Sixty-three years ago today (March 29, 1960) was an historic day for Nashville, although no one was aware of it at the time. It was on that date that Tootsie's Orchid Lounge opened on Lower Broadway, just steps away from the Ryman Auditorium.

The venue now known as Tootsie's was open prior to 1960 as Mom's, but it changed names when it changed ownership. Hattie Louise "Tootsie" Bess purchased the restaurant and gave it its now-famous name after a painter, to her surprise, painted its exterior purple.

Bess was a singer and comedian in a radio act, Big Jeff & the Radio Playboys; "Big Jeff" was her husband, Jeff Bess, who was also the bandleader. After their radio work ended -- and their marriage dissolved -- Tootsie's became the local hangout for musicians, including Bess' then-teenage stepson, Steve Bess, who was already working as a guitarist for Ray Price.

"A lot of that got started by Ray's band, mainly Jimmy Day, the steel player, and myself," Steve Bess recalls to the Nashville Scene. "We would get a few other musicians, and she would let us jam in the back room."

Adds Mel Tillis, "It'd be four or five steel players, Buddy Emmons and Jimmy Day and Lloyd Green, all of them was up there pickin' at one time. It was something else. And they'd want to play jazz. It'd be all that damn bebop stuff. That's how musicians are."

At the time, hearing live music in Nashville was a bit of a novelty, as Tom T. Hall learned when he moved to town and asked if he could listen to live music somewhere.

"Nowhere — not anywhere in town," Hall notes. "And, you know, being in the country music business, I got here and I said, 'Where can I go hear some pickin'?' They said, 'You can't.'"

But Tootsie's quickly became the place for writers and artists to perform. Kris Kristofferson, Faron Young, Willie Nelson, Hall, Hank Cochran, Tillis, Roger Miller, Webb Pierce, Waylon Jennings and Patsy Cline are just a few of the many artists who got their start in the club. Bess was known to slip money to those who walked in and were struggling to pay their bills.

“If you missed a friend backstage [at the Opry], you knew where to go look for them," the late Little Jimmy Dickens once told The Boot. "Because they would be in Tootsie’s visiting with one another, trading songs around or having a beer and visiting with one another, and I think that’s one of the greatest things that ever happened to country music, because these songwriters all got together and wrote these beautiful songs that we hear today."
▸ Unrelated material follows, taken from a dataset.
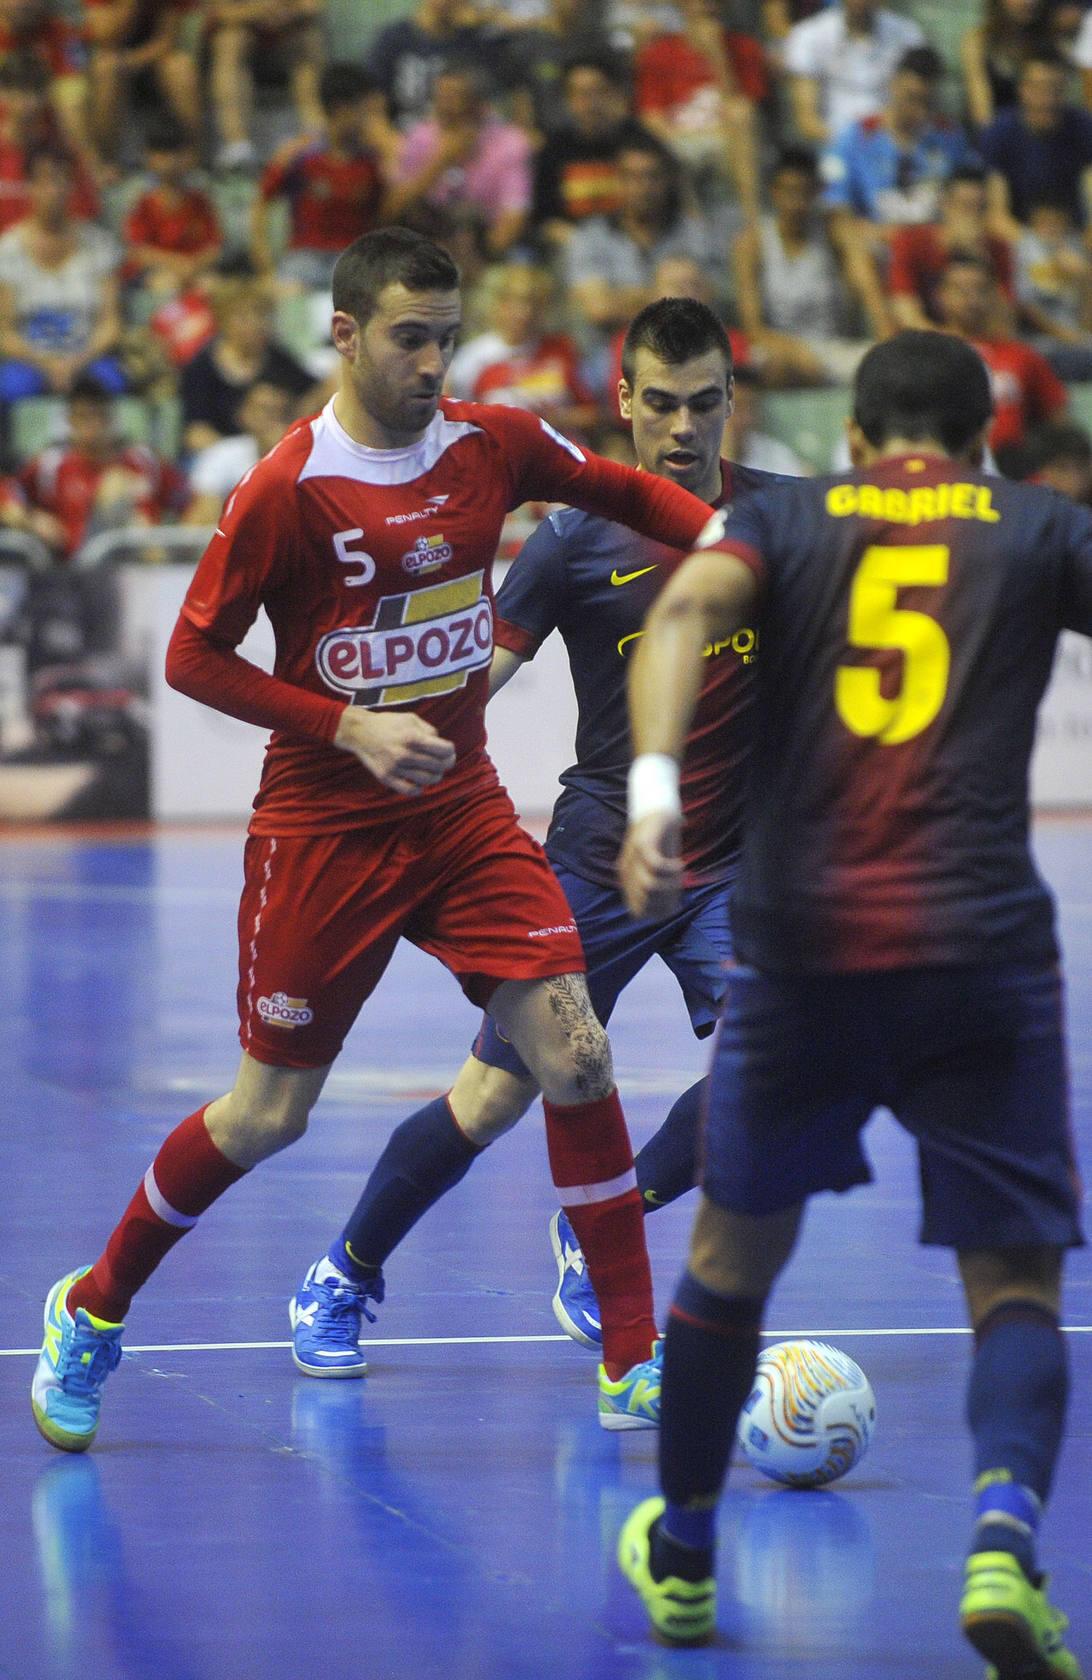 ElPozo - FC Barcelona (3-6)

Bess passed away in 1978, after a battle with cancer; Hall, Roy Acuff, Young and Connie Smith were just a few of the country music stars who attended her funeral.

Tootsie's experienced a decline in the decade or so after Bess' death, until Steve Smith purchased the venue in 1992.

"When I went there in '92, there was a peep show two doors down from me, there was a pawn shop next door to me," Smith says. "There were homeless people living in the street on Lower Broad. There were prostitutes and drug dealers everywhere."

That quickly changed, and Tootsie's continues to be known as a place for both local and national acts. Jason Aldean, Taylor Swift, Keith Urban, Aerosmith, Randy Houser and Toby Keith are just a few of the numerous artists who have graced the revered stage in more recent years.

"No one — I don't care who — no one," Steve Bess says, "could have ever guessed that that place would be as famous as it is today."

Tootsie's is located at 422 Broadway. A list of upcoming performers is available on their website.